Fakat bu zor ilişkinin sürdürülmesi her iki taraf için de kolay değil. Biden’la birlikte Türkiye’nin Amerika’ya yakınlaşmaya başlaması, Amerika’dan Avrupa’ya müeyyide istemiyoruz uyarıları gitmesi, Türkiye’nin İsrail ve Mısır da dahil sorunlu komşularıyla ilişkilerini düzeltmek için inisiyatifler geliştirmesi ikili ilişkilerin mantığı belirleyen çerçeveyi şimdiden zorluyor. ABD bir de Suriye’den çıkmaya ya da PYD’ye olan desteğini sınırlamaya kalkarsa ilişkilerin “matematiği” tümden değişebilir.

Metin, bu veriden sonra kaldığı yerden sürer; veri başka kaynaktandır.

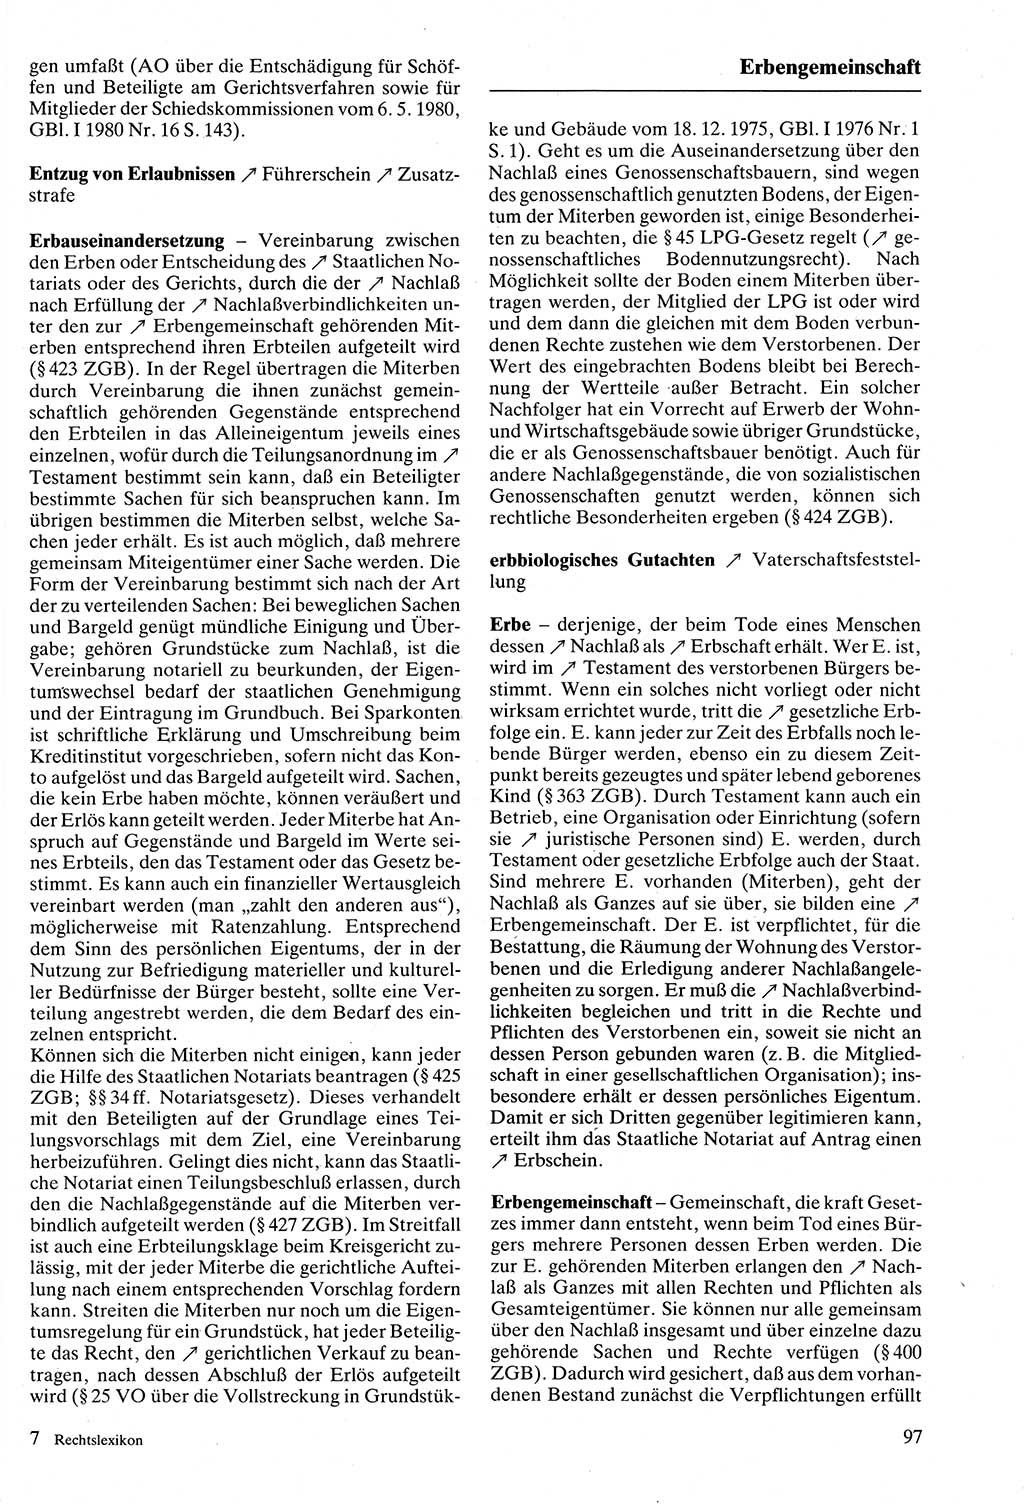 Rechtslexikon [Deutsche Demokratische Republik (DDR)] 1988, Seite 97 (Rechtslex. DDR 1988, S. 97)

Unutmayalım ki, Suriye’de de iki ülke arasında uzlaşma kadar çatışma da var. Hatırlamak isteyenlere Ömer Özkılıcık’ın TRTWorld’ün web sayfasındaki makalesini önerebilirim. Özkılıcık orada Türkiye’nin ilk kez 14 Mart’ta sivillere yönelik bir Rus saldırısına karşılık verdiğini, bundan önce sadece kendi güçlerine saldırı olduğunda mütekabiliyet, cezalandırma ve caydırıcılık hakkını kullandığını kendi üslubuyla anlatıyor.
Benim beklentim ikili ilişkilerdeki kırılgan dengenin korunması için her iki tarafın ama özellikle de Rusya’nın çaba harcayacağı yönünde. Bunca sarsıntıdan, savaştan ve barıştan sonra çıkartılacak dersler olmalı. Ruslar, Amerika’nın kendilerine karşı oluşacak bir koalisyonu teşvik edeceklerini stratejik akıllarında tutmalı. Biz de bulunduğumuz coğrafyanın koşullarına uygun, çıkarlarımızı dengeli şekilde koruyan politikalar benimsemeliyiz. Tüm bunlardan bağımsız olarak da daha demokratik, insan ve kadın haklarına daha saygılı bir ülke olmalıyız...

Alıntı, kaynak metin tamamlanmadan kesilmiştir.